オリヴィアの様子から、二人がきっと隠し事をしているのだろうことは、コリンも察しているようで困ったように二人の顔を見比べている。だがオリヴィアはおろか、ジェイコブもまた、口を噤んでいる。
これは何も聞き出せそうにない――コリンは大きく嘆息して、静寂を破った。
「まあ、別にいいけどね。なんでも。それより、ドナ村の話を聞きたい。部屋へ来てくれるかな」
「蟲の話か?報告行ってねえのか?」
すかさず、ジェイコブが言葉を返す。
事実、ドナ村からは定期的に郵便役を担っていた冒険者が行き来しており、最新ではないものの、支部にはちゃんと連絡が行っていた。

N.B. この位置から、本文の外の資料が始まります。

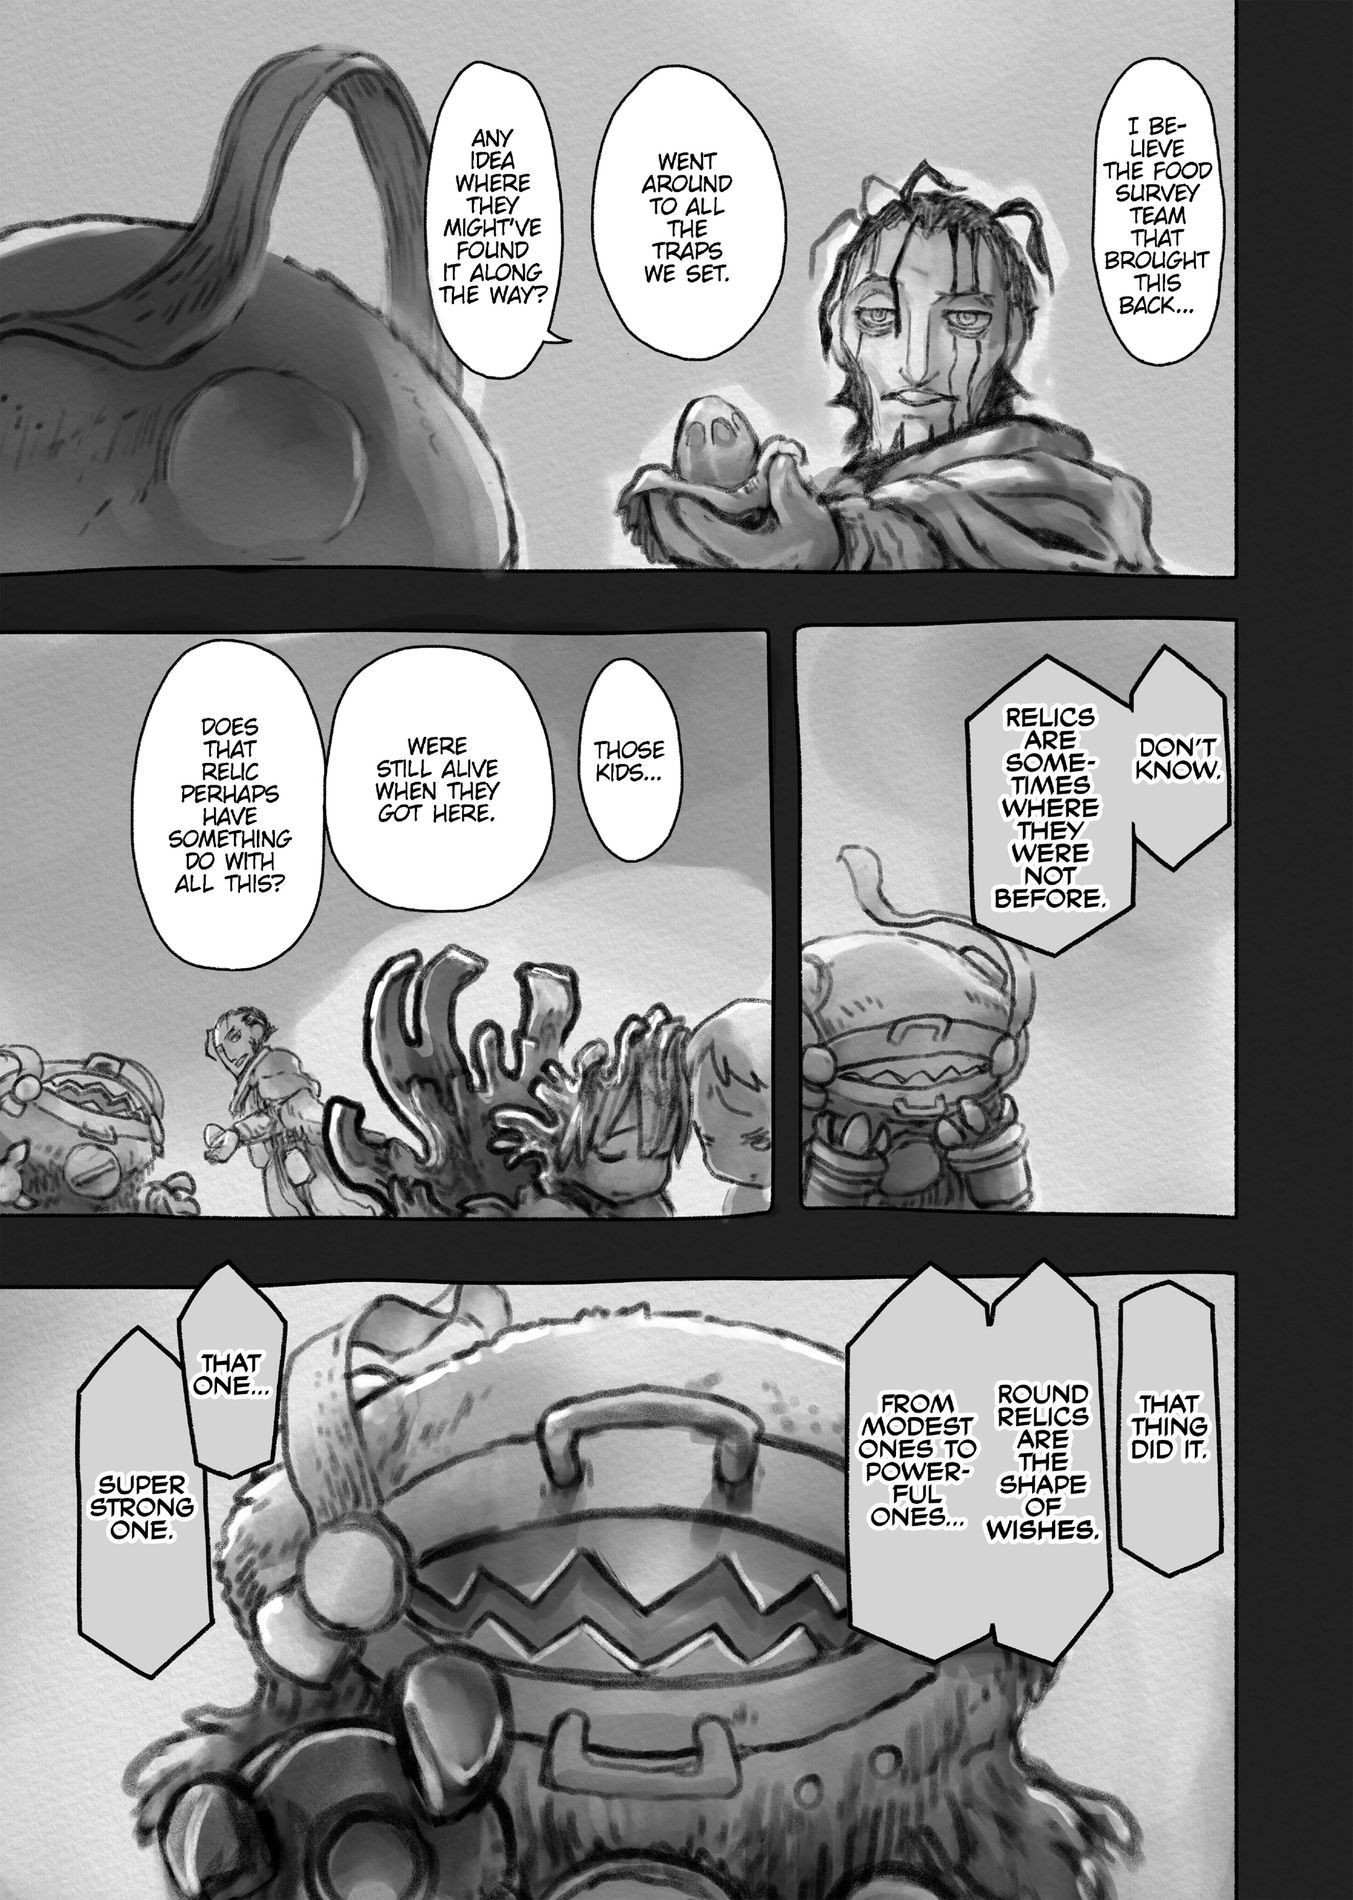 Made in Abyss Chapter 063, Made in Abyss Wiki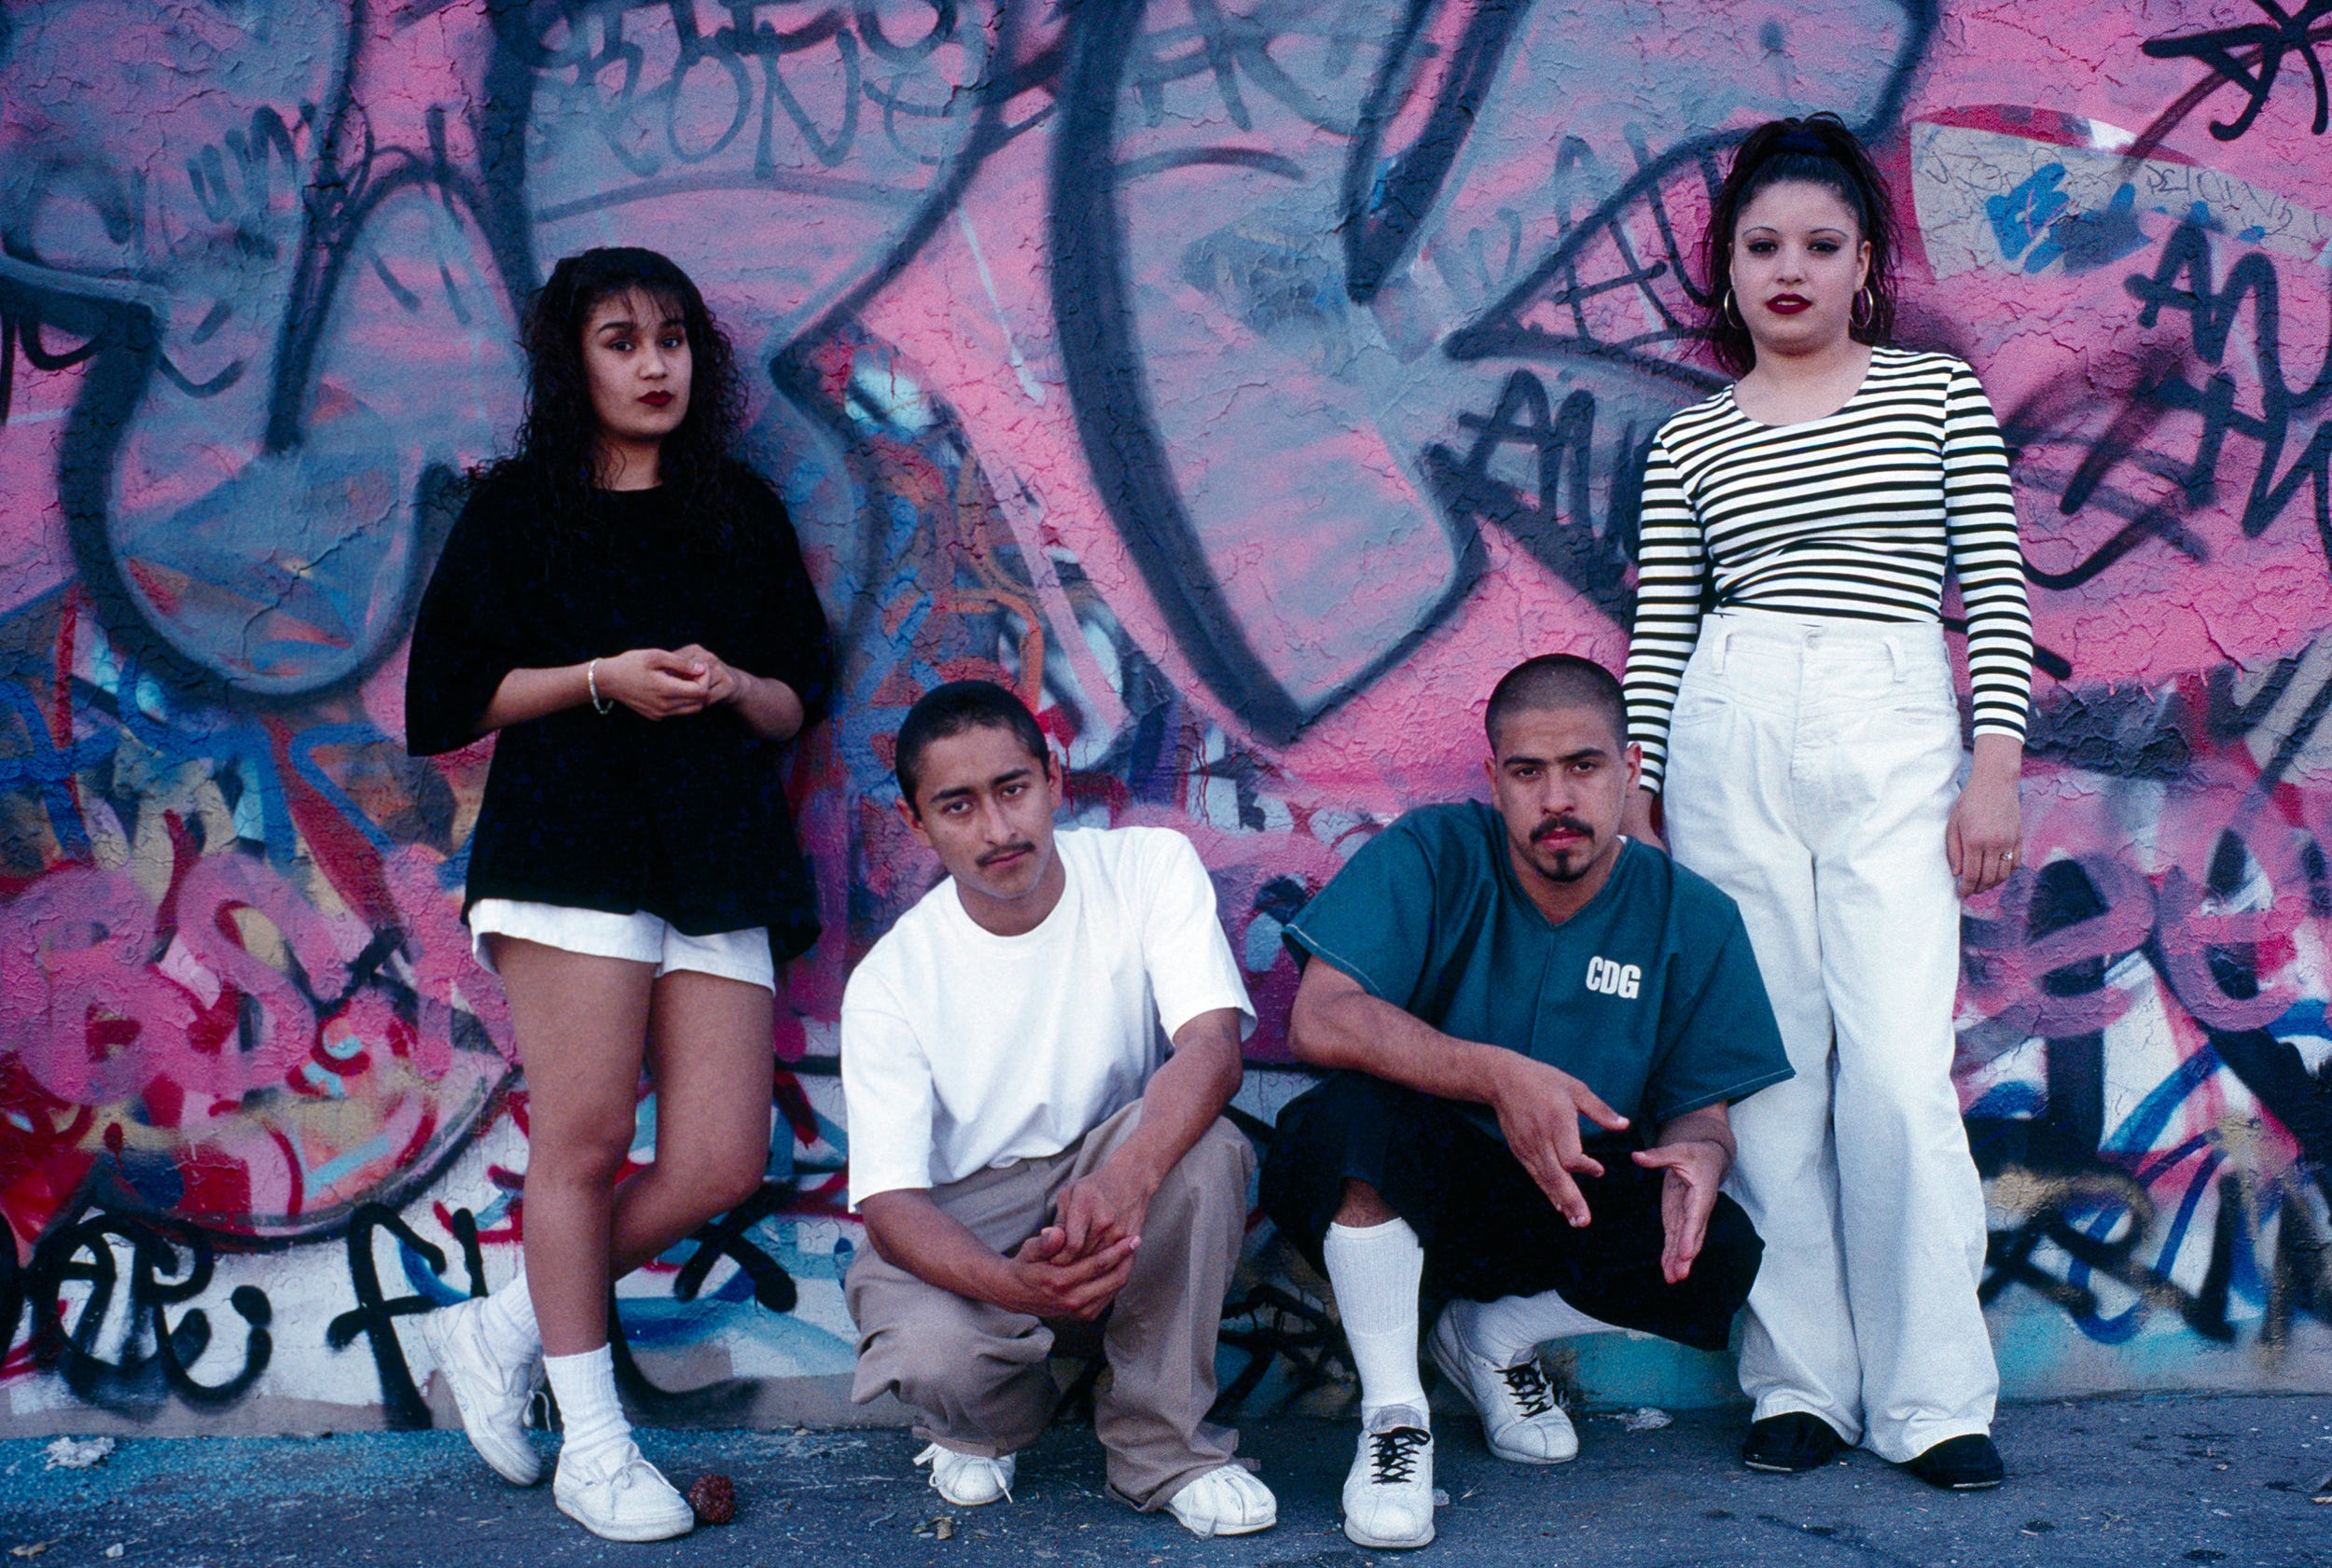 Photos The Vida Loca Of East La Teen Gang Culture In The 90s By 2119

そして、オールトン山脈沿いの穀倉地帯から、蟲が忽然と姿を消した、という
コリンは頭を縦に振り、
「もちろん、来てるよ。だけどほら、細かくはわからないし」
「あ、なるへそ」
「それに……君たちはまだ聞いていないだろう情報もあるしね」
コリンのその真剣な眼差しに、ジェイコブは眉を顰める。此処は冒険者支部のあるオルグレンだ。ドナ村にいたオリヴィアやジェイコブよりも彼のほうが情報は手に入る。
「なんかあったのか、コリン」
「続きは部屋で」
そうコリンは言うと、ついと踵を返し、三階へ上がることを促す。オリヴィアとジェイコブは頷きあい、コリンに続いた。